Под козырьком мясной лавки я застываю. Это стоит видеть… Зрелище, достойное таланта малых голландцев, чья фантазия, не осмелившаяся устремиться в небеса, была прикована ко всему земному – к мясу, винограду, свежепойманной рыбе. За стеклом – высокая пирамида, выложенная из красных мясных подков, выпиленных из тел четвероногих. Шедевр говяжьей геометрии.
Все подковы одинаковы, видно, их вымеряли аккуратно, с чисто английским педантизмом, со знанием мясного дела. Внутри магазина за прилавком строгая худая женщина. Старомодные очки в роговой оправе и белый халат. Похожа на квалифицированного хирурга, даже сейчас, когда заворачивает пожилому мужчине сардельки. Точные выверенные движения. Руки в белых резиновых перчатках.
А ведь прежде в этих лавках царила дикость. Мясники огрызались, кидались с кулаками на покупателей, подстерегали конкурентов в темных переулках, чтоб перерезать им горло. А потом, как дети, шарахались от каждой тени, боялись, что те, убитые, восстанут из гробов. Средневековые лондонские хроники утверждают, что бо́льшая часть преступлений в столице совершалась мясниками. Видимо, их возбуждал бурый цвет, цвет крови и мяса.
Позади раздается резкий звук клаксона. Я вздрагиваю и испуганно оборачиваюсь. Водитель за рулем фургона, он же мясник, сердитым жестом приказывает мне отойти – я загораживаю ему подъезд к магазину. Отхожу в сторону. Мало ли что у этого мясника в голове – мне тут лишних проблем не нужно. Вот Гвоздев бы на моем месте так бы де́ла не оставил.
Помню, однажды Гвоздев накинулся на такого водителя, который со всей дури нам просигналил в спину. Дело было на пешеходной линии Васильевского. Я даже вмешаться не успел. Гвоздев выволок его из машины и принялся зверски избивать, руками и ногами.
– Сука! – кричал он, нанося удары. – Купи себе правила дорожного движения! Это пешеходная зона, понял?! По ней ходят пешеходы!!! Слыхал про таких?! Это те лохи, у кого нет машин!!! Понял?! Повтори!!!
Но водитель уже ничего не мог повторить. Ему повезло – он почти сразу отключился. Помню, мы рванули в ближайшую подворотню, а потом еще час отсиживались в каком-то грязном подъезде, где пахло кошачьей мочой.
Гвоздев выговаривал мне за трусость:
– Ты должен был мне помочь!
– Но как? – оправдывался я. – Он же почти сразу вырубился.
– Все равно, – упорствовал Гвоздев. – Ты мог бы из солидарности хотя бы поссать на него. Я бы тогда не чувствовал себя так одиноко.

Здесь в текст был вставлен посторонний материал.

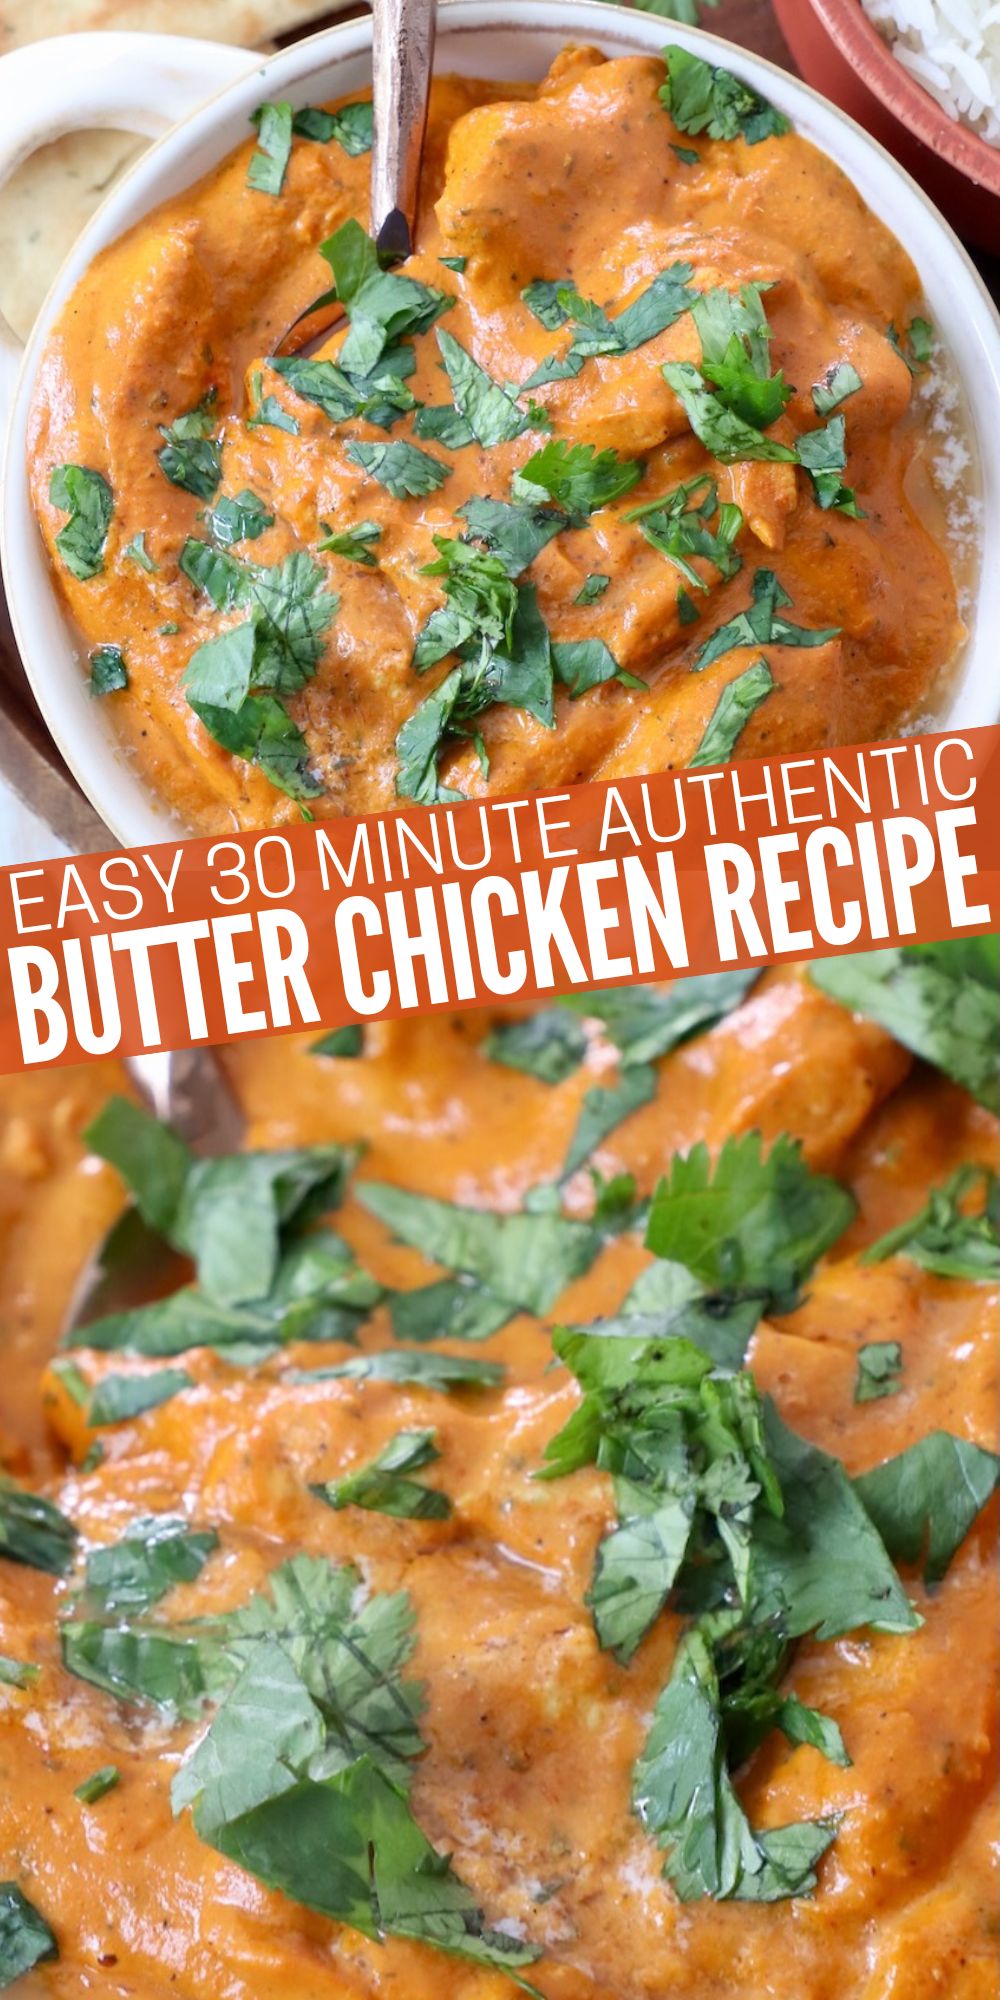 Easy Butter Chicken Recipe - WhitneyBond.com
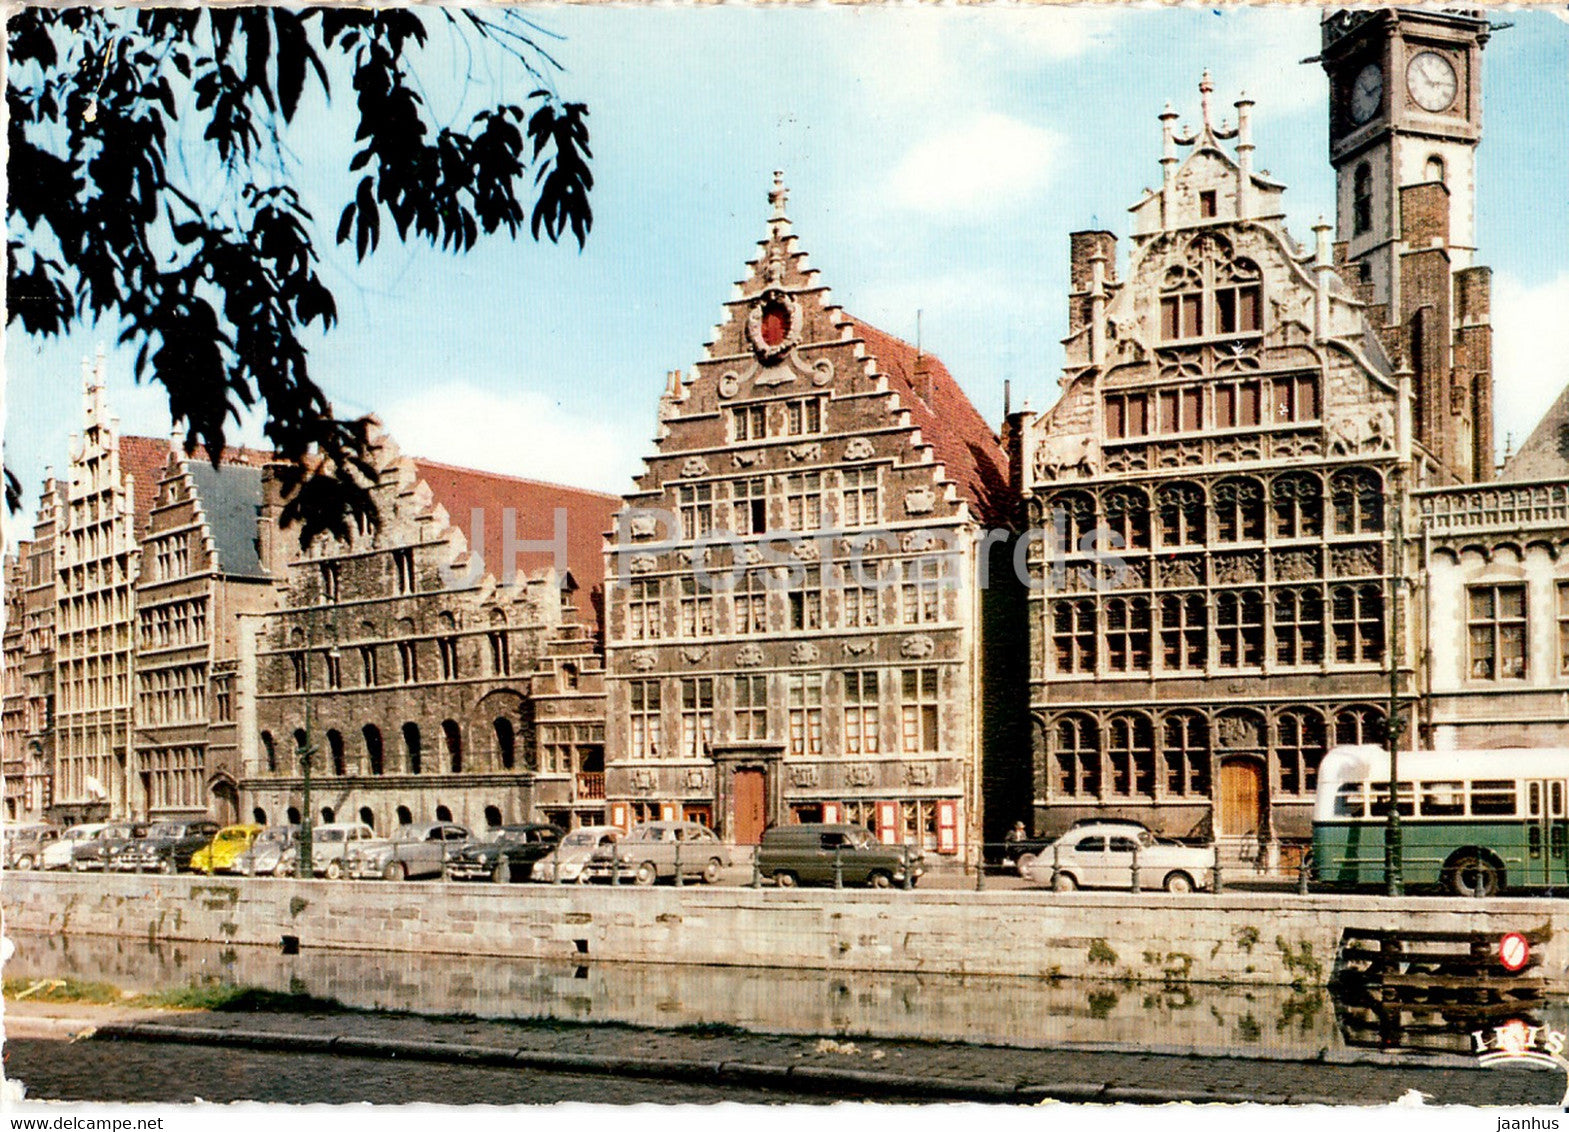 Gent - Graslei - old cars - 1969 - Belgium - used - JH Postcards
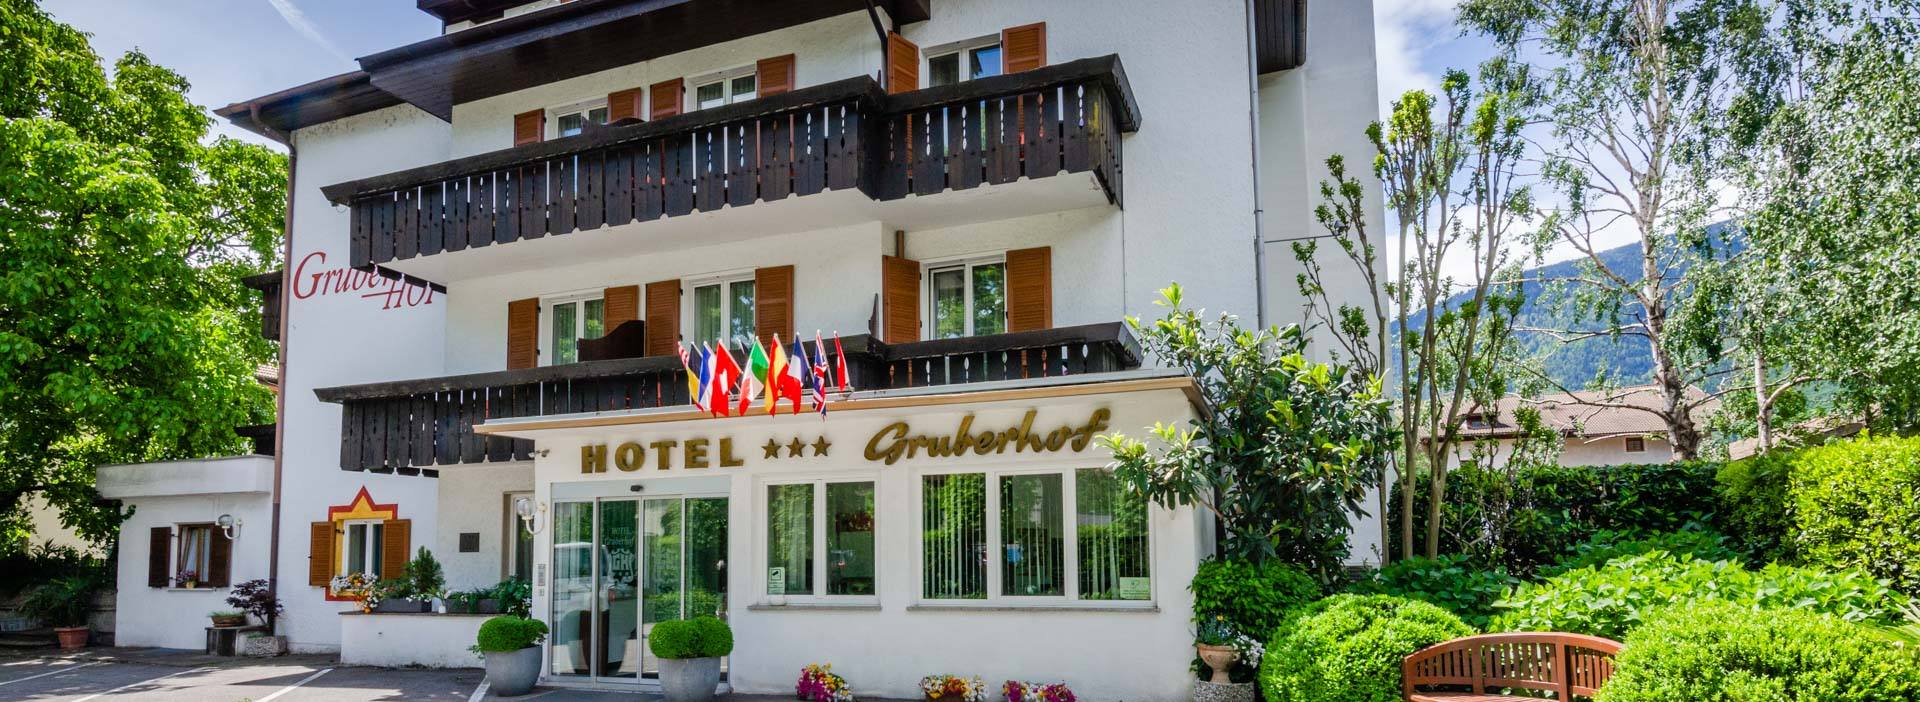 Hotel Gruberhof
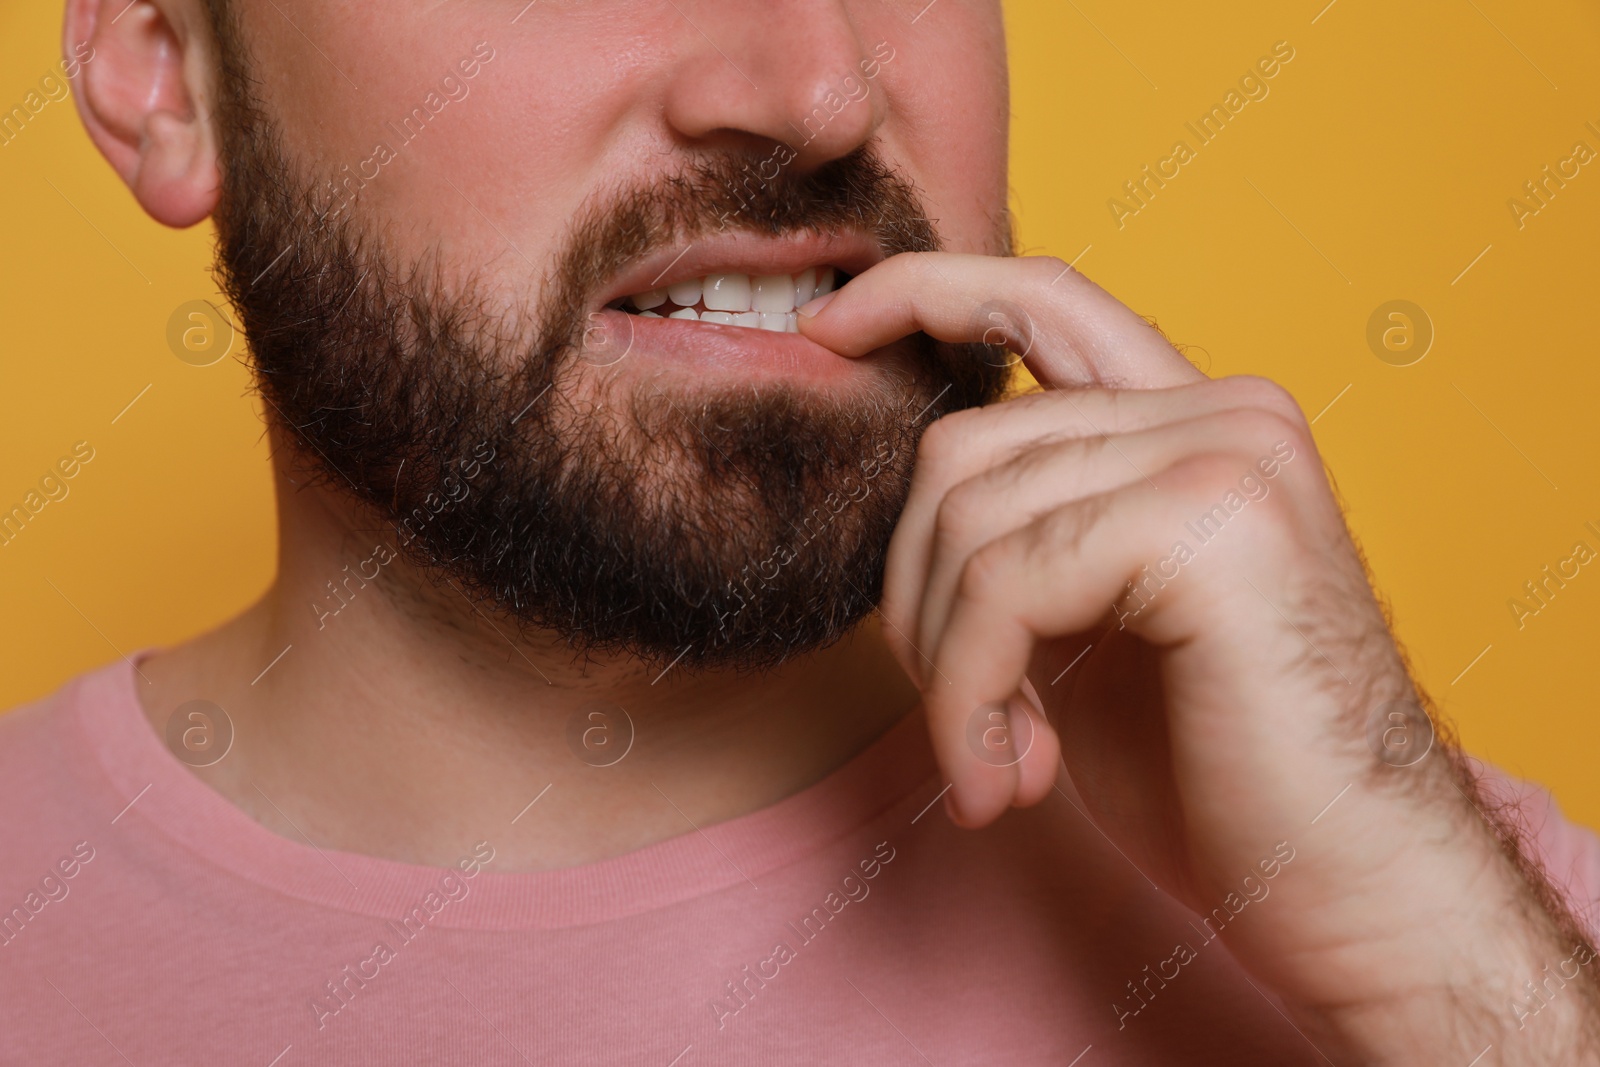 Photo of Man biting his nails on yellow background, closeup. Bad habit

Дальше мы пили водку в дешевой забегаловке на Петроградке и закусывали шпротным паштетом – Гвоздев сказал, что нужно снять стресс. Водка шла легко, а паштет, напротив, никак не лез в горло – вкус у него был отвратительный. Помню, про этот шпротный паштет Гвоздев тут же сочинил стихотворение: “Паштет шпротный, / Он же – рвотный”.
А вот что было потом, я, откровенно говоря, помню смутно. Закрывалось метро, я боялся опоздать и еще боялся, что меня туда пьяного не пустят.
– Соберись! – внушал мне Гвоздев. – Зайдешь – и сразу дуй к турникетам, пока не остановили. Держи! Вот тебе жетон. Главное – не промахнись, когда будешь совать в автомат.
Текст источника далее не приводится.